So, I might not think of sharing it without seeing a button, and if I do think
of sharing something, but requires me to copy, go to Facebook, write a note,
paste, go to Twitter and do the same thing, I'll just be like "oh, forget it."
(unless I'm really excited... I shared the general link on Facebook, but not
any individual song).

I would think of sharing as a feature, rather than clutter. Here's my user
story - "As a user, I want to share this tasty jam with my bandmate so we can
shred together" (decided to have fun with that one).

It may be going to far, but you might even want to make sharing a song a call
to action ("Did you enjoy this song? Share it with friends!" [followed by big
fat Facebook & Twitter buttons])

------
biscarch
It's cool, but it's got some usability issues for "playing along" unless you
already know the chords, etc. The 1/2 time was also pretty choppy for me.

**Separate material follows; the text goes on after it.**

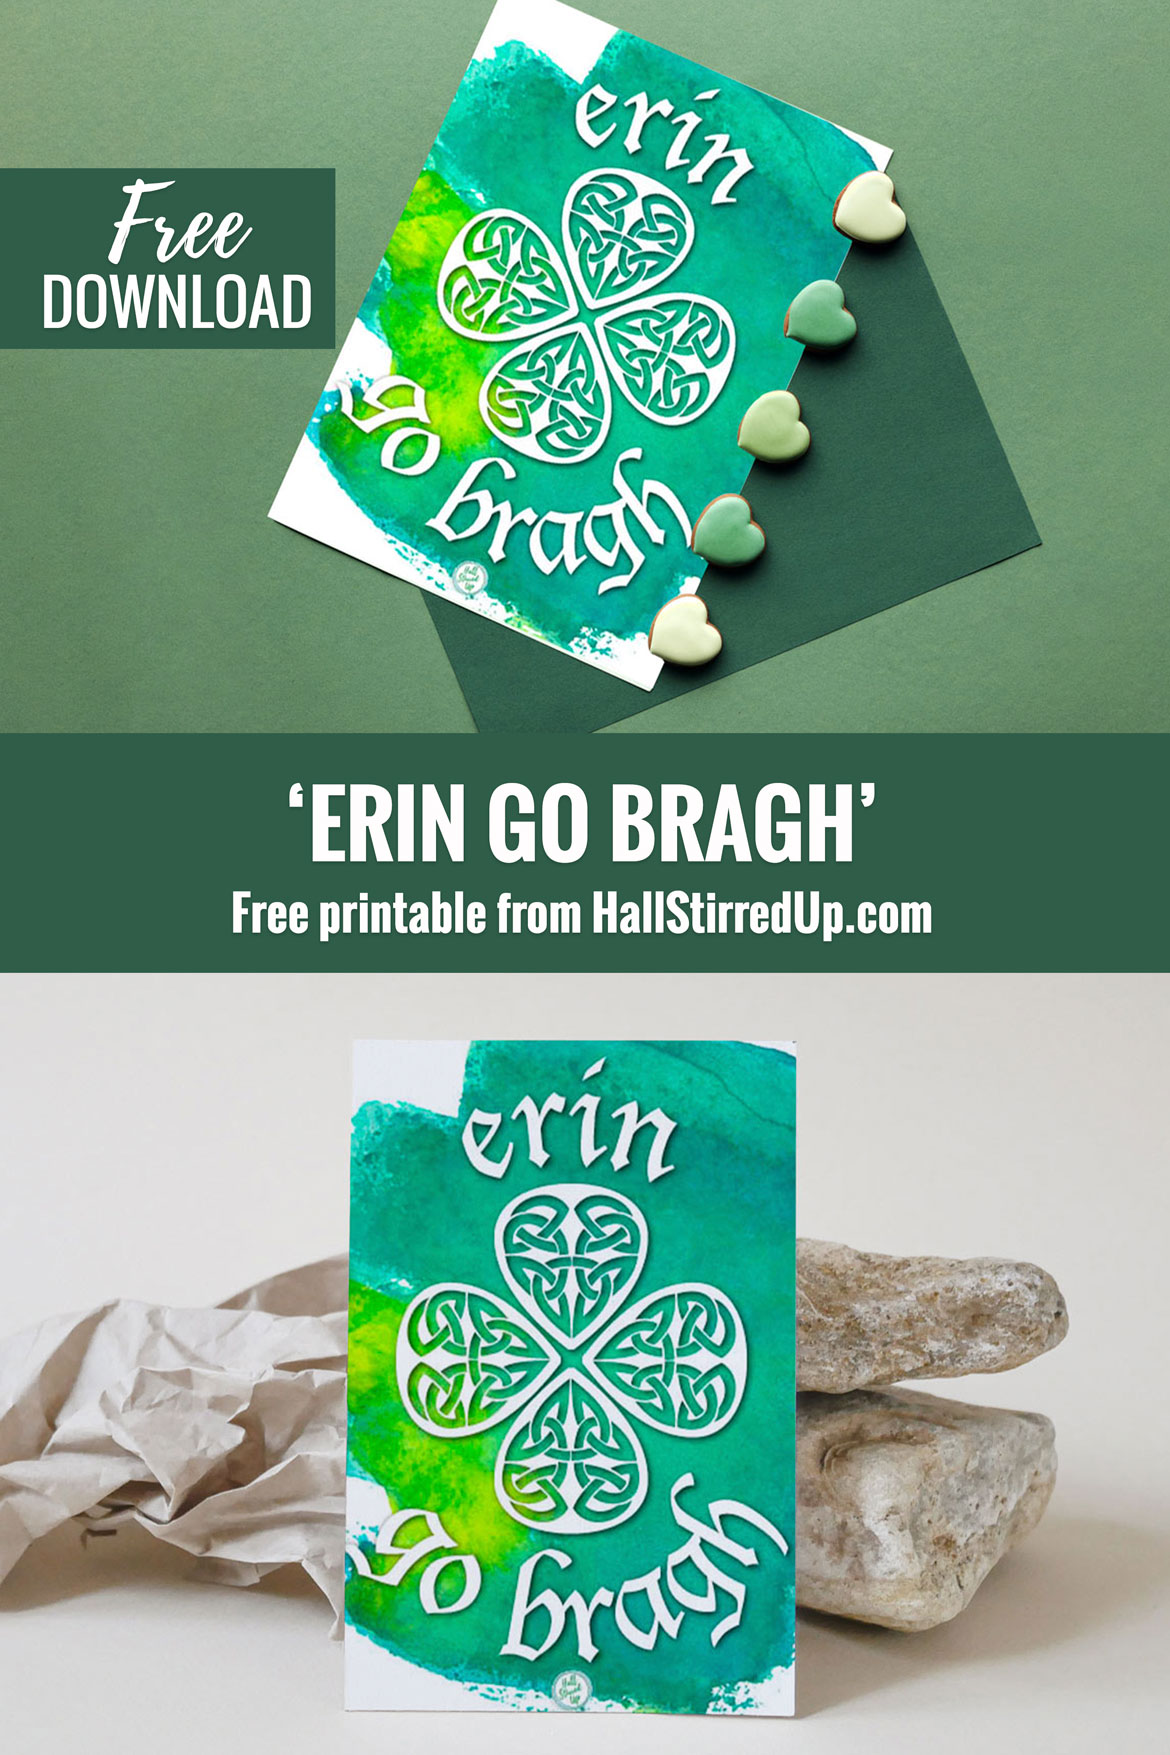 Happy St. Patrick's Day with a fun, free printable

Rocksmith [1], which can be described as Guitar Hero for real guitars and
basses, does a pretty nice job with the UI, difficulty levels and such. It
would be cool to see a more open version of Rocksmith where you could load up
tabs/songs on demand.

For reference, I wouldn't pay for Soundslice, but I have already shelled out
$100+ on Rocksmith (Game, Bass expansion, songs, cords, guitars, etc) and am
willing to shell out more (Ex: A Rush Pack just came out I believe.)

[1]
[http://www.youtube.com/watch?feature=player_embedded&v=k...](http://www.youtube.com/watch?feature=player_embedded&v=kUXcLfe8LQ4#t=48s)

------
freework
I've been teaching myself the guitar ove the past few months with a similar
method. I go on dylanchords.info, open up a tab, play the song on google Play,
then play along with my guitar. Dylan's songs have simple chords, so its ideal
for beginners. I've been at it for the past 4 or 5 months, and Im already
almost at the intermediary level, so this method of practice does work.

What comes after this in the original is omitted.